4×9=6336, | 4×10=18061, | 4×11=51205, | 4×12=145601, | 4×13=413351, |

4×14=1174500, | 4×15=3335651, | 4×16=9475901, | 4×17=26915305, | 4×18=76455961. |

5×6=1183, | 5×8=14824, | 5×10=185921, | 5×12=2332097, | 5×14=29253160. |

6×6=6728, | 6×7=31529, | 6×8=167089, | 6×9=817991, | |

6×10=4213133, | 6×11=21001799, | 6×12=106912793. | ||

7×8=1292697, | 7×10=53175517. | |||

8×8=12988816. | 8×9=108435745 |

Propp also notes that the total is a square on square boards of side 4k, and twice a square on square boards of side 4k+2.

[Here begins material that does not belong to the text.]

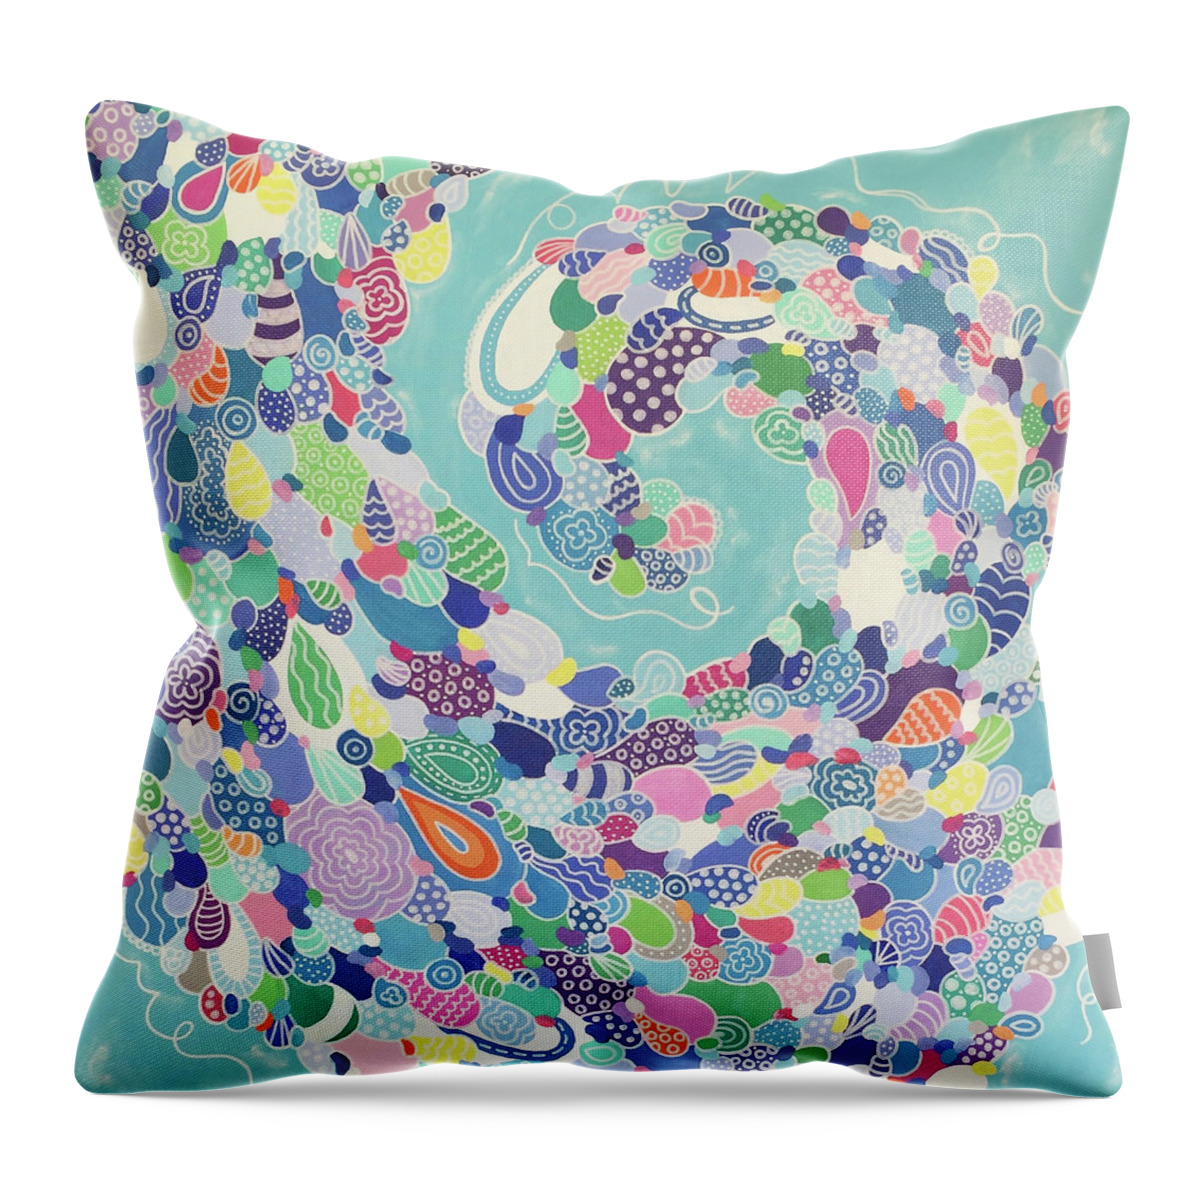 Pattern Art Throw Pillow featuring the painting Sweeping Medley by Beth Ann Scott

For 6×6 we have: 6728 = 2×58². The 10×10 gives: 258584046368 = 2×359572²

and 12×12 gives 53060477521960000 = 230348600²

Chapman notes that Kasteleyn's formula also gives the number of tilings of an m×n rectangle with a given number of horizontal tiles. He has computed these for an 8×8 square. The results are listed below. If A(n) is the number of tilings with n horizontal tiles (n even) then A(n) = A(32–n).

A(0) = A(32) = 1, | A(2) = A(30) = 70, | A(4) = A(28) = 1785, |

A(6) = A(26) = 21656, | A(8) = A(24) = 144092, | A(10) = A(22) = 580620, |

A(12) = A(20) = 1511368, | A(14) = A(18) = 2644858, | A(16) = 3179916. |

The problem remains of how to calculate V(m,n) for larger values of m, and of determining the number F(m,n) of fault-free dissections (with neither vertical nor horizontal fault lines).

Problem 150 in *Chessics* (volume 2, #23, 1985) was: Dissect a chessboard into dominoes so that the number of 2×2s (dominoes with long sides matching) is minimised. The unique solution (apart from rotation) is diagrammed here.

This is a case of a general result on dominoes that I found: Every domino dissection of a rectangle must contain at least one 2×2 inset, i.e. two dominoes side by side; and a domino dissection that has exactly one 2×2 inset must be either square (2k by 2k) or near-square (2k by 2k–1), with the 2×2 centrally placed and the other dominoes in 'rings' around it. To prove the first part of this, start at the a1 corner and try to construct a dissection without a 2×2. We are forced to place dominoes in a 'herringbone' pattern diagonally from the corner, and this forces the formation of a 2×2 where it meets the opposite edge.